Baseando-se nas exigências estéticas e de mercado foram realizadas visitas e
coleta de dados, bem como pesquisa histórica e de materiais, complementadas pelos
estudos em relação às tendências de moda, concorrência e preferências do cliente, e
estes estudos fundamentaram a geração de seis alternativas projetuais, utilizando um
material característico da região e estreitamente ligado a história da colonização italiana,
o basalto.
Inicialmente, não se tinha idéia do quanto o basalto foi importante na história
dos imigrantes, tanto que, se pensou em abordar tal temática fazendo referência às
esculturas regionais ou as casas de pedra. Porém, após a pesquisa, descobriu-se que o
basalto foi fundamental para que os colonizadores se estabelecessem na serra gaúcha,
sendo auxiliar no cultivo da uva e produção do vinho.
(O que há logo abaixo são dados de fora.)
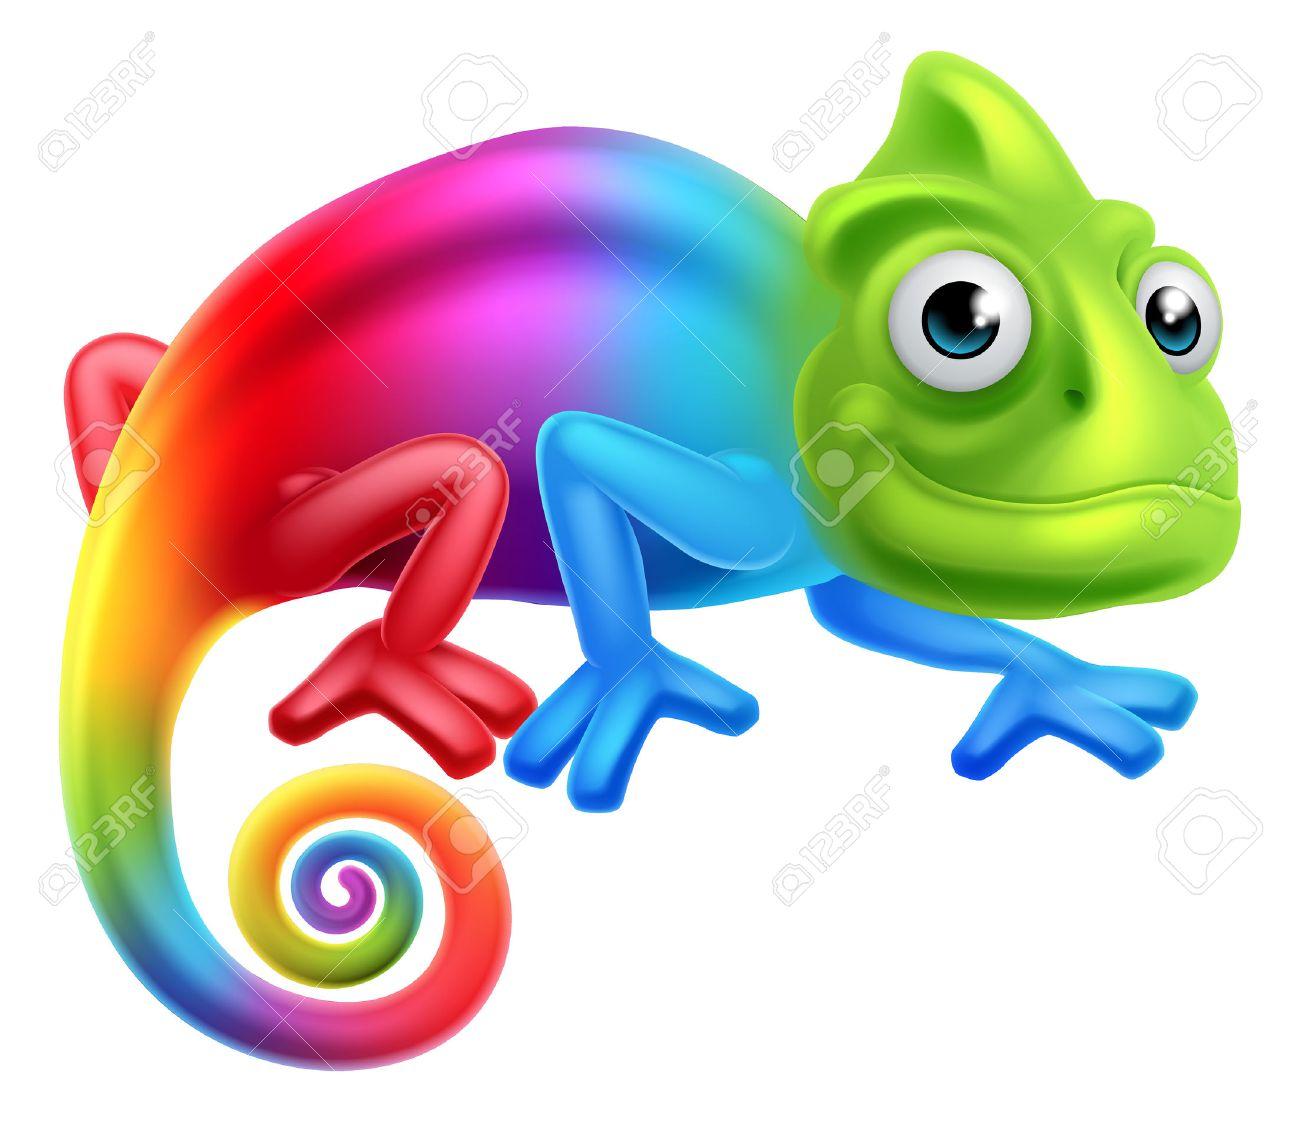 Clipart Strikingly Ideas Cham - Chameleon Clipart

Aliando design, história, conceito
e técnica foi possível projetar peças que representam importantes fatos da colonização.
O desafio encontrado aqui foi adequar este material as peças de joalheria projetadas,
mantendo as formas visuais e não comprometendo o conceito de cada peça, nem o
conforto da usuária.
A experimentação nunca deve ser ignorada pelo projetista! Devido às
condições de lapidação do basalto, a idéia de utilizá-lo em formato de esferas teve de ser
adaptada também, para os formatos cabochão e gota. Outra adaptação foi quanto a
fixação do basalto nas jóias. A idéia era perfurar a rocha e utilizar a fixação semelhante
a que é comumente empregada entre as pérolas, ou seja, por pinos. Embora seja
tecnicamente viável esta alternativa foi remanejada por motivos de economia e
substituída pela cravação sob pressão com o auxílio de cola.
Procurando atender as necessidades da usuária, buscou-se inovação funcional
em projetar 2 peças que apresentam mais de uma configuração de uso. A inovação
tecnológica ficou por conta da utilização do basalto, material não convencional inédito
na joalheria brasileira. Para estudos futuros, fica a sugestão de explorar outras cores de
basalto e quem sabe, divulgá-lo como mineral gemológico. Por enquanto, mantém-se a
idéia de buscar apoio regional para exposição da coleção e divulgação do basalto como
patrimônio do orgulho da serra gaúcha e de seus colonizadores.
Entende-se, que o profissional designer exerce seu papel social no
desenvolvimento de produtos que facilitam a resolução de problemas e atendam as
necessidades do usuário. A utilização de temáticas culturais, em especial as regionais,
acrescenta mais valor social aos produtos de design merecendo uma atenção especial
por parte do projetista. Em vista disto, concluiu-se que este trabalho mostrou-se
satisfatório. Deixando uma sensação de primeiro passo de uma longa caminhada na
busca de fortalecer os produtos de joalheria como coadjuvantes na conscientização
cultural entre a sociedade, e não apenas como produtos do luxo.